En 1946. La France agricole est caractérisée par l’importance des petites exploitations ; les fermes sont peu mécanisées, les surfaces sont non remembrées et l’adduction d’eau reste à entreprendre. De janvier 46 à février 1949, les Français, même s’ils espèrent en des lendemains meilleurs, souffrent : les cartes de rationnement symbolisent cette période. La reconstruction est d’abord industrielle ; il faudra attendre 1957 pour que s’opère un tournant : avec le Marché Commun, les discussions dans l’Europe des Six affirment la nécessité légitime de parvenir à l’autosuffisance alimentaire. Mais, dans le cadre des négociations qui se déroulent avec les Etats-Unis, promoteurs du Plan Marshall d’aides à l’Europe, une concession majeure leur est faite : les dirigeants français et européens cèdent aux pressions américaines, permettent l’entrée massive en Europe du maïs, et ensuite, du soja qui en est le complément, et ce, sans droits de douane. Les producteurs agricoles vont se « précipiter » sur ces plantes « miracles ».
Cette décision s’explique
en partie par la conception des moyens que l’on entend mettre en œuvre pour
parvenir rapidement à l’autosuffisance alimentaire. S’il y a bien sûr,
les idées de progrès, de transformation de la nature indéfiniment
adaptable aux visées de la production de masse qui prédominent
sans contestation à cette période, il y a surtout une conception
de l’industrialisation à grande échelle de l’agriculture. Ce modèle
provient à la fois des références aux systèmes mis
en place aux USA et en URSS. Planisme, planification, intensification de la
production renvoient à la conception prégnante de la modernisation
dont la figure emblématique est le processus d’industrialisation à
outrance, les références tayloriennes et puis fordistes… Cet arrière-plan
idéologique explique notamment que la politique céréalière
devienne très vite aberrante : ainsi, en est-il de la place exorbitante
prise par l’importation et la culture du soja et du maïs et d’un mode de
conservation, l’ensilage de produits pour animaux (fermentation du fourrage
vert herbé en silos étanches). Il en est de même pour l’intensification
du recours à l’élevage «
hors sol » (3). Toutefois, « l’industrialisation » de
l’agriculture n’aurait pas pu se mettre en place aussi aisément si elle
n’avait pas rencontré l’assentiment tacite ou explicite de forces sociales
dans le milieu agricole.
La Jeunesse Agricole
Chrétienne (JAC), organisation qui se développe dans les années
50, se veut un instrument d’émancipation des jeunes paysans. Elle est
le signe dans ce milieu, à la fois de la résistance aux courants
communistes et socialistes très influents après la Libération,
et de la volonté de se détacher du clergé réactionnaire,
vichyste et des potentats du milieu, notables, propriétaires fonciers,
marchands de bestiaux et margoulins. Dans ce monde stigmatisé comme «
retardé », s’affirme, chez ces jeunes, l’ambition de ne plus être
considérés comme des « ploucs », des « culs-terreux
», le besoin de reconnaissance de leur dignité, d’être des
agriculteurs participant au processus de reconstruction et de modernisation
de la France. La revendication de parité de revenus avec les ouvriers
en fait foi.

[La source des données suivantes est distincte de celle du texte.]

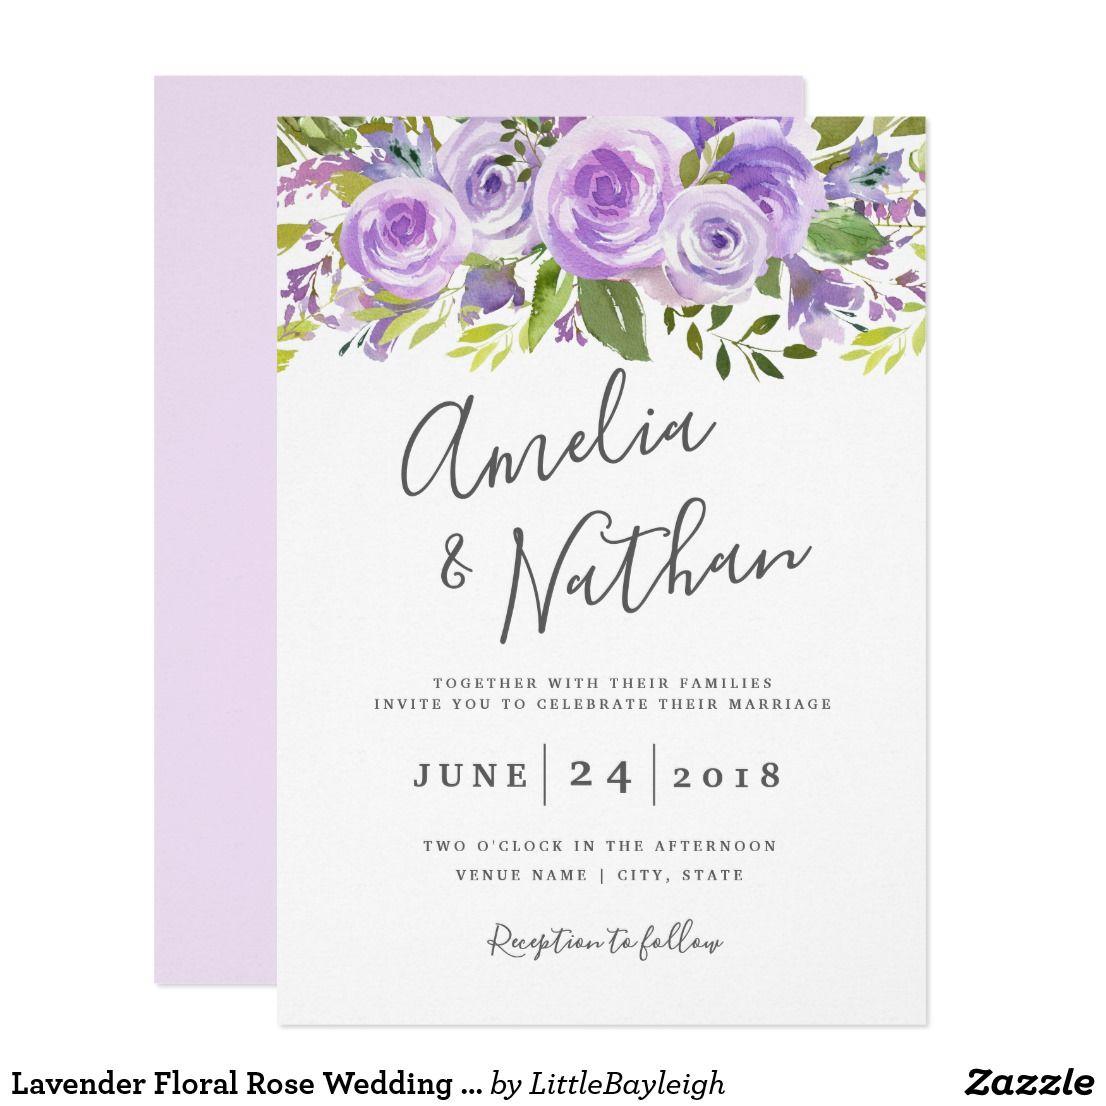 Lavender Floral Rose Wedding Invitation | Rose wedding, Wedding and ...

L’idéal consiste à se faire construire à côté
de la ferme familiale, où l’on cohabitait avec les bestiaux, une maison
individuelle avec sa cuisine en formica. Pour se moderniser et alléger
la lourdeur des tâches manuelles, la nouvelle génération
va rencontrer la possibilité de financements que lui offre le Marché
Commun et le syndicalisme agricole « réellement existant ».
La FNSEA créée
en 1946, permet aux vieux caciques de Vichy,
provenant de la corporation paysanne pétainiste, de se
reconvertir. Elle va très vite adapter son discours pour
prendre en compte l’aspiration d’une minorité active de
paysans, tout en maintenant le mythe corporatiste de leur
unité d’intérêts. Un système d’organisation
verticale, de
syndicat qui se veut unique, auquel l’adhésion est
quasi obligatoire, va se mettre en place très rapidement.
Il passe très vite sous le contrôle étroit des plus
riches
agriculteurs , en particulier des gros céréaliers.

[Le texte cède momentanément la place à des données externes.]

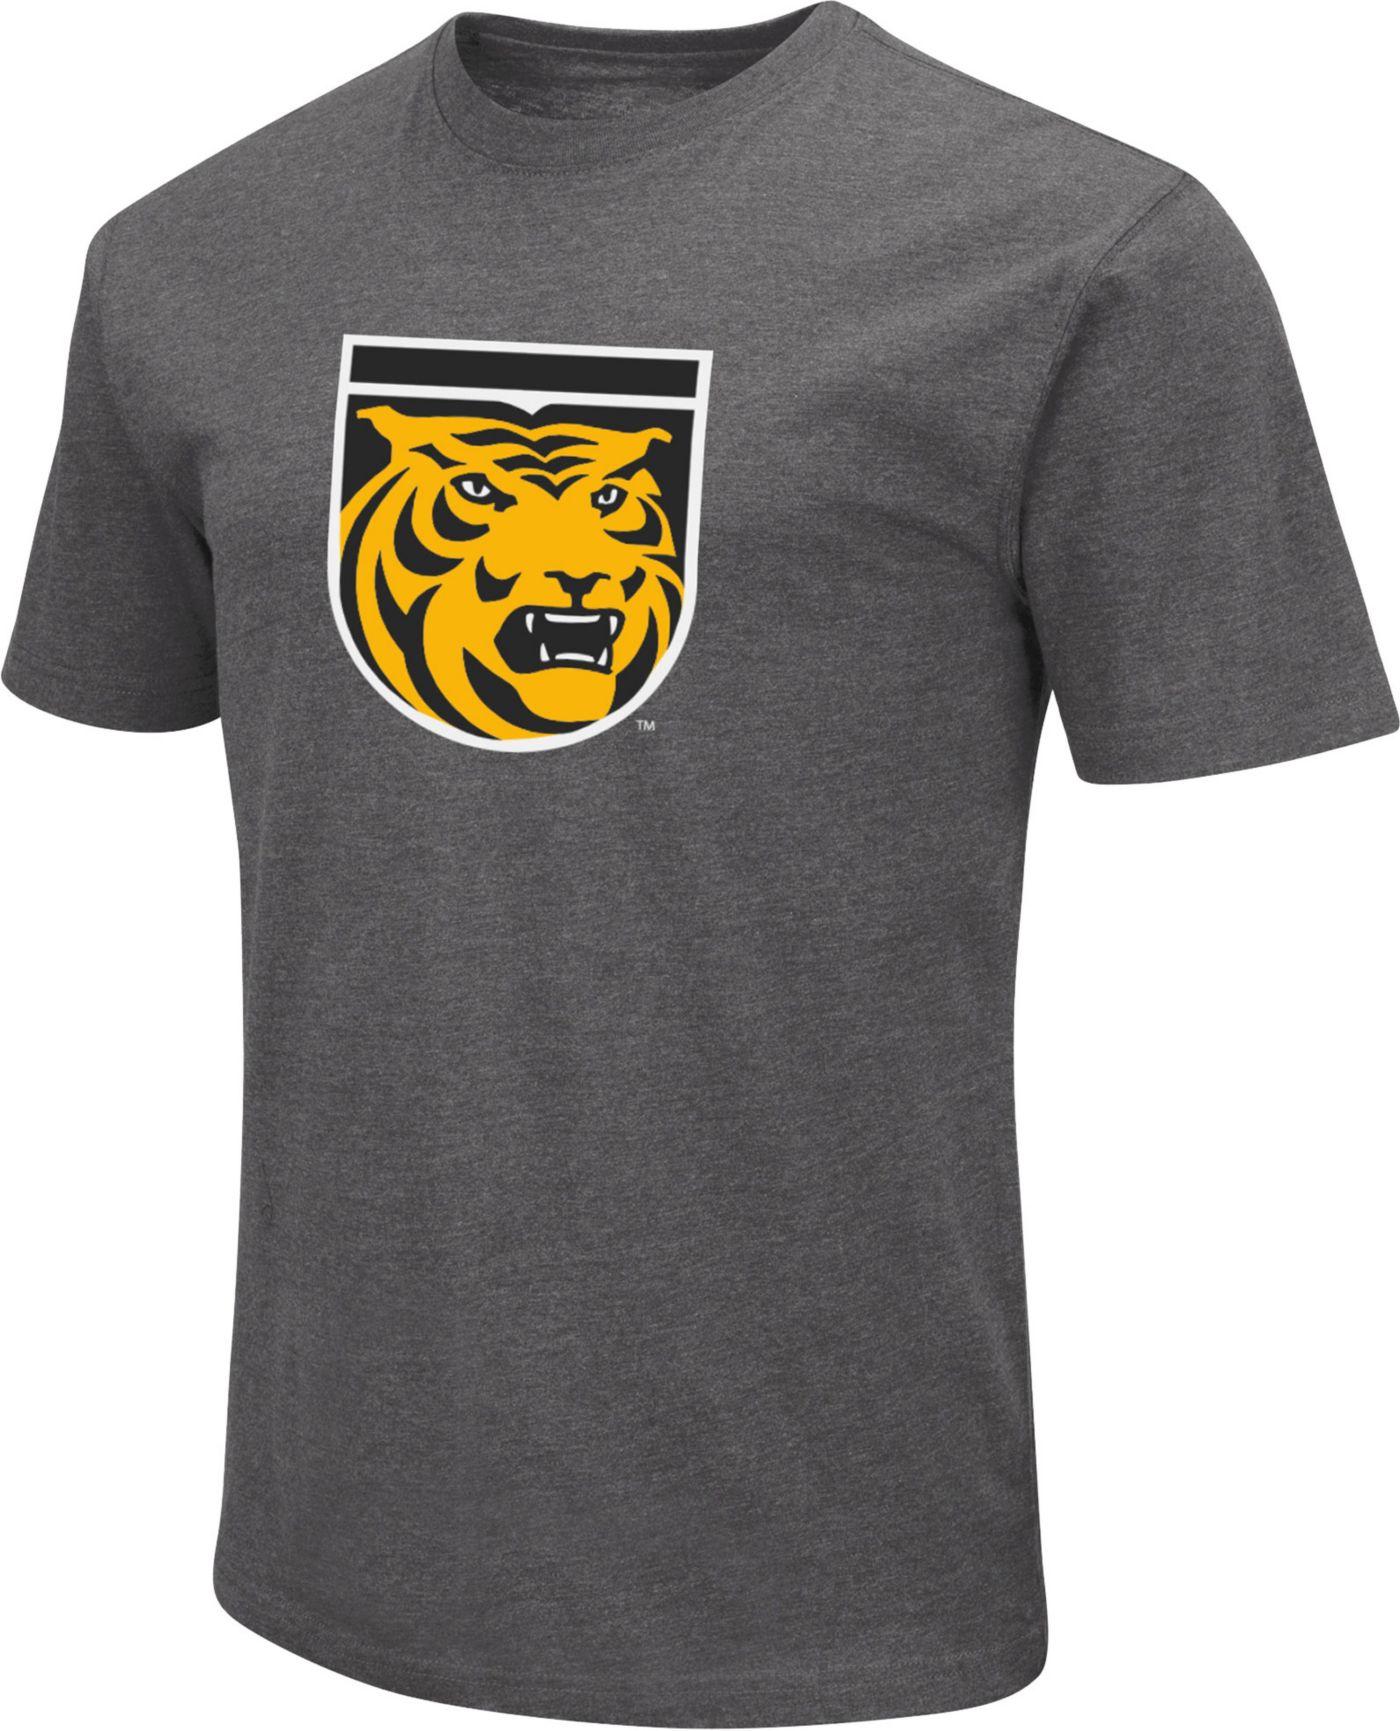 Colosseum Men's Colorado College Tigers Grey Dual Blend T-Shirt

Il se transforme, avec la complicité des différents
Gouvernements, en un groupe de pression institutionnalisé,
qui cogère avec l’appareil d’Etat la politique agricole
(4).
Projets de loi, règlements, jusqu’à leur application dans
chaque département par l’intermédiaire des Chambres
d’agriculture et du Crédit agricole, sont élaborés conjointement.
Il s’agit de faire bénéficier le monde agricole d’aides
à
l’installation, d’obtention de droits à produire, de prêts
du Crédit Agricole, de protection sociale et d’assurer la
maîtrise foncière au profit des « plus entreprenants
».
Ainsi, la SAFER,
organisme paritaire (fonctionnaires-paysans) près des Chambres d’agriculture,
possède la mainmise sur la rétrocession des terres. En rendant
des services obligés aux paysans, la FNSEA parvient à
assurer son hégémonie même si le MODEF(5)
(dans les régions de montagne, de culture familiale et dans les secteurs
de résistance à l’occupation allemande) conserve quelques îlots
de résistance dus à l’influence communiste. Après avoir
été les chantres de la modernisation dont les mécanismes
renvoient au triptyque aide-endettement-exode rural pour le plus grand nombre
de fermiers, les dirigeants de la FNSEA deviendront à la fin des années
70, les « grands prêtres du productivisme ».
Même s’il convient de noter la fermeté des résistances qui se sont déployées très tôt (6), ces forces sociales furent quasi déterminantes dans la mise en œuvre de la politique agricole.
1960 – 1978 . La logique de la productivité et ses conséquences.
Les objectifs poursuivis
et le modèle de référence industriel vont se conjuguer
sous forme d’une logique et de caractéristiques de production, conduisant
irrémédiablement à la surproduction et à l’engrenage
productiviste. Les paysans qui souhaiteront s’en abstraire rencontreront
les plus grandes difficultés (7).
Atteindre l’autonomie alimentaire
de l’Europe, fournir des denrées alimentaires au plus bas prix, protéger
de la concurrence du marché mondial un certain nombre de produits agricoles
(céréales, sucre, lait, viande, vins,), assurer aux agriculteurs
la parité de revenus avec les citadins salariés, tels sont les
objectifs proclamés par les lois d’orientation agricole de 1960, 1962.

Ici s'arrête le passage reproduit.